Figure 2-8: Training data
  1. An important next step is to normalize the input data:
scaler = StandardScaler().fit(X_train)
X_train = pd.DataFrame(scaler.transform(X_train))
X_test = pd.DataFrame(scaler.transform(X_test))
  1. Determine baseline predictions:
# Predict the mean quality of the training data for each validation input
print('MSE:', np.mean((y_test - ([y_train.mean()] * y_test.shape[0])) ** 2).round(4))
## MSE: 0.594
  1. Now, let's build our neural network by defining the network architecture:
model = Sequential()
# First hidden layer with 100 hidden units
model.add(Dense(200, input_dim=X_train.shape[1], activation='relu'))
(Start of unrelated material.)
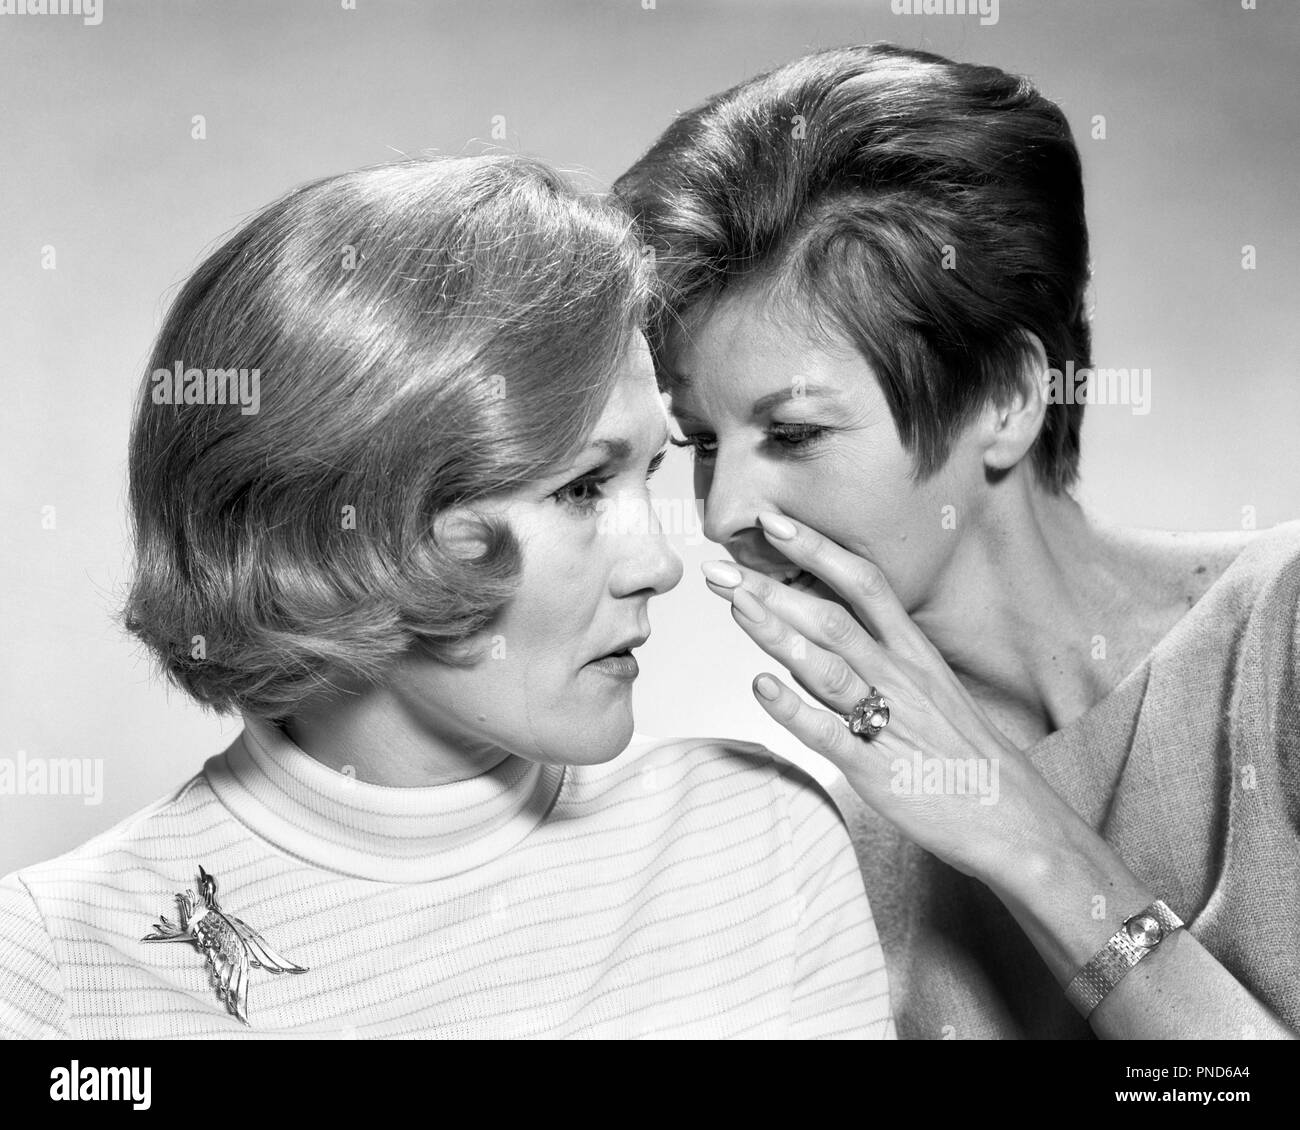 1960s 1970s TWO WOMEN SHARING SECRET AND GOSSIP ONE WHISPERING BEHIND HAND AND IN EAR OF OTHER  - s16701 HAR001 HARS FEMALES GOSSIP STUDIO SHOT HOME LIFE COMMUNICATING COPY SPACE FRIENDSHIP LADIES PERSONS CONFIDENCE SHARE GOSSIPING B&W TEMPTATION HEAD AND SHOULDERS STYLES NETWORKING EXCITEMENT KNOWLEDGE TELLING IN WHISPERS CONNECTION HAIRSTYLES RUMOR STYLISH ENTRE NOUS FASHIONS MID-ADULT MID-ADULT WOMAN SECRETS TOGETHERNESS BLACK AND WHITE CAUCASIAN ETHNICITY HAR001 OLD FASHIONED Stock Photo

# Second hidden layer with 50 hidden units
model.add(Dense(25, activation='relu'))
# Output layer
model.add(Dense(1, activation='linear'))
# Set optimizer
opt = Adam()
# Compile model
model.compile(loss='mse', optimizer=opt, metrics=['accuracy'])
  1. Let's define the callback for early stopping and saving the best model:
callbacks = [
EarlyStopping(monitor='val_acc', patience=20, verbose=2),
ModelCheckpoint('checkpoints/multi_layer_best_model.h5', monitor='val_acc', save_best_only=True, verbose=0)
]
  1. Run the model with a batch size of 64, 5,000 epochs, and a validation split of 20%:
batch_size = 64
n_epochs = 5000
model.fit(X_train.values, y_train, batch_size=batch_size, epochs=n_epochs, validation_split=0.2,
verbose=2,
callbacks=callbacks)
  1. We can now print the performance on the test set after loading the optimal weights:
best_model = model
best_model.load_weights('checkpoints/multi_layer_best_model.h5')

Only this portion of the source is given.